Comparison of BOSO with different information criteria

The following part of code is designed to compare the performance of the BOSO algorithm using different information criteria. The options available are AIC, BIC and eBIC.

method.nums = c(4, 5, 6)
method.names = c("BOSO - AIC","BOSO - BIC","BOSO - eBIC")

plot.BOSO <- list(
  "F" = plot.from.sim(sim.list = sim.results, what="F", rel.to=NULL, tuning="val",
                      method.nums=method.nums, method.names=method.names),
  "nonzeros" = plot.from.sim(sim.list = sim.results, what="nonzero", rel.to=NULL, tuning="val",
                             method.nums=method.nums, method.names=method.names),
  "fpos" = plot.from.sim(sim.list = sim.results, what="fpos", rel.to=NULL, tuning="val",
                         method.nums=method.nums, method.names=method.names),
  "fneg" = plot.from.sim(sim.list = sim.results, what="fneg", rel.to=NULL, tuning="val",
                         method.nums=method.nums, method.names=method.names))

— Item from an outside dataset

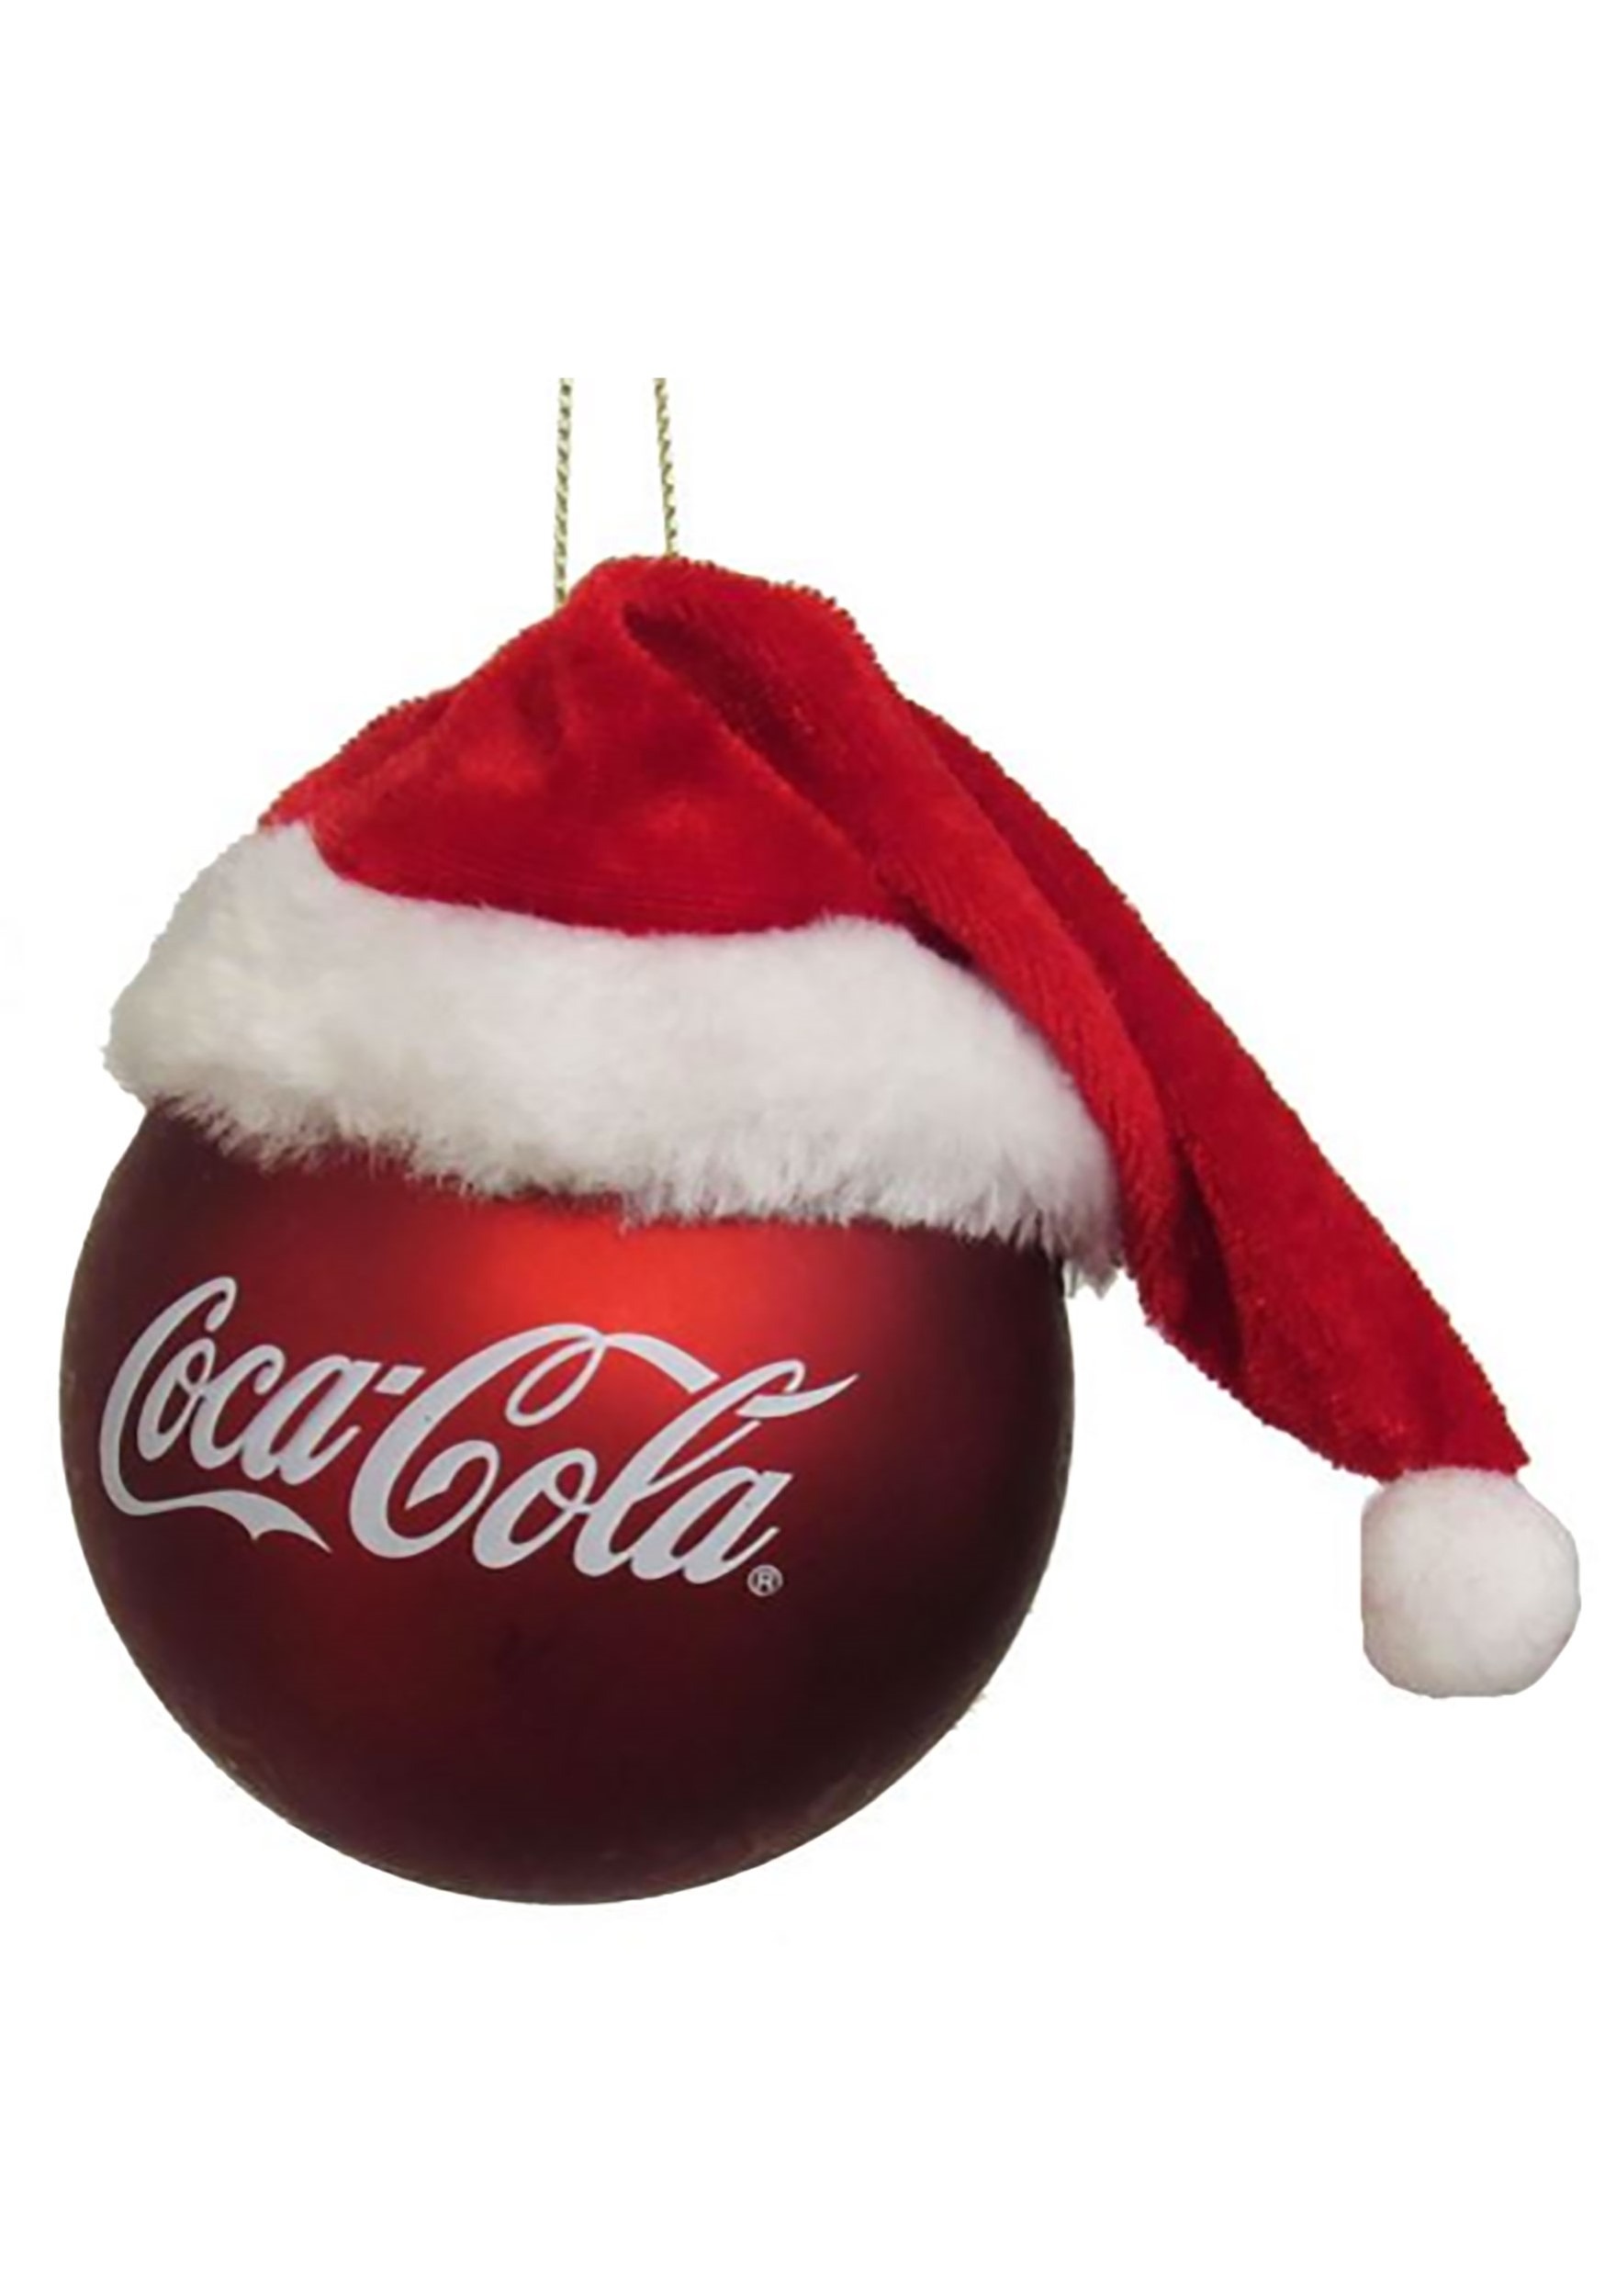 Coca-Cola Ball Ornament with Santa Hat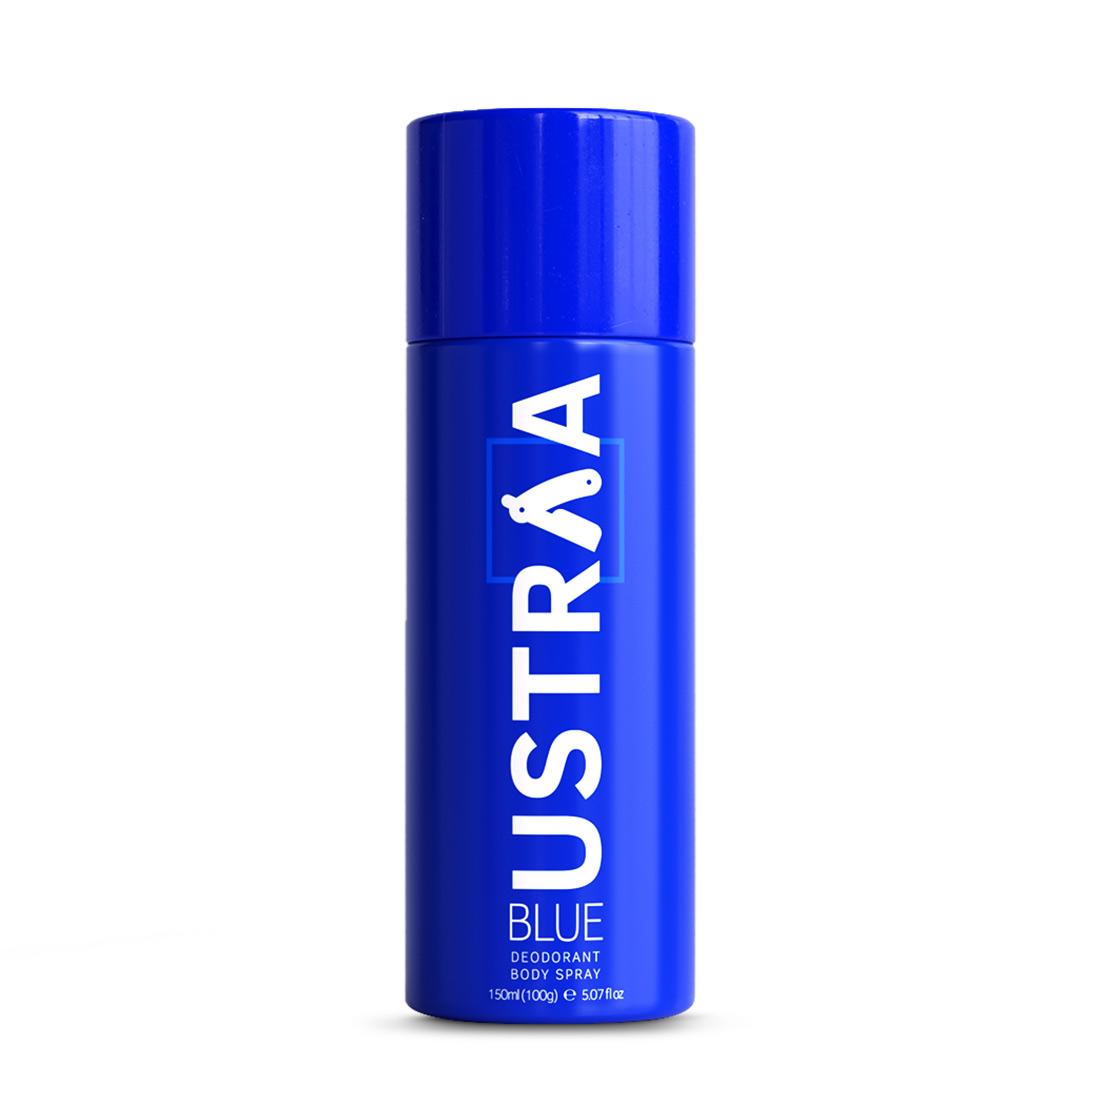 BLUE Deodorant Body Spray - 150 ml

ggarrange(plotlist = plot.BOSO, ncol = 2, nrow = 2, common.legend = T, legend = "bottom")

References

Luis V. Valcarcel, Edurne San José-Enériz, Xabier Cendoya, Ángel Rubio, Xabier Agirre, Felipe Prósper, Francisco J. Planes 'BOSO: a novel feature selection algorithm for linear regression with high-dimensional data.' submitted.
Hastie, Trevor, Robert Tibshirani, and Ryan Tibshirani. "Best Subset, Forward Stepwise or Lasso? Analysis and Recommendations Based on Extensive Comparisons." Statistical Science 35.4 (2020): 579-592.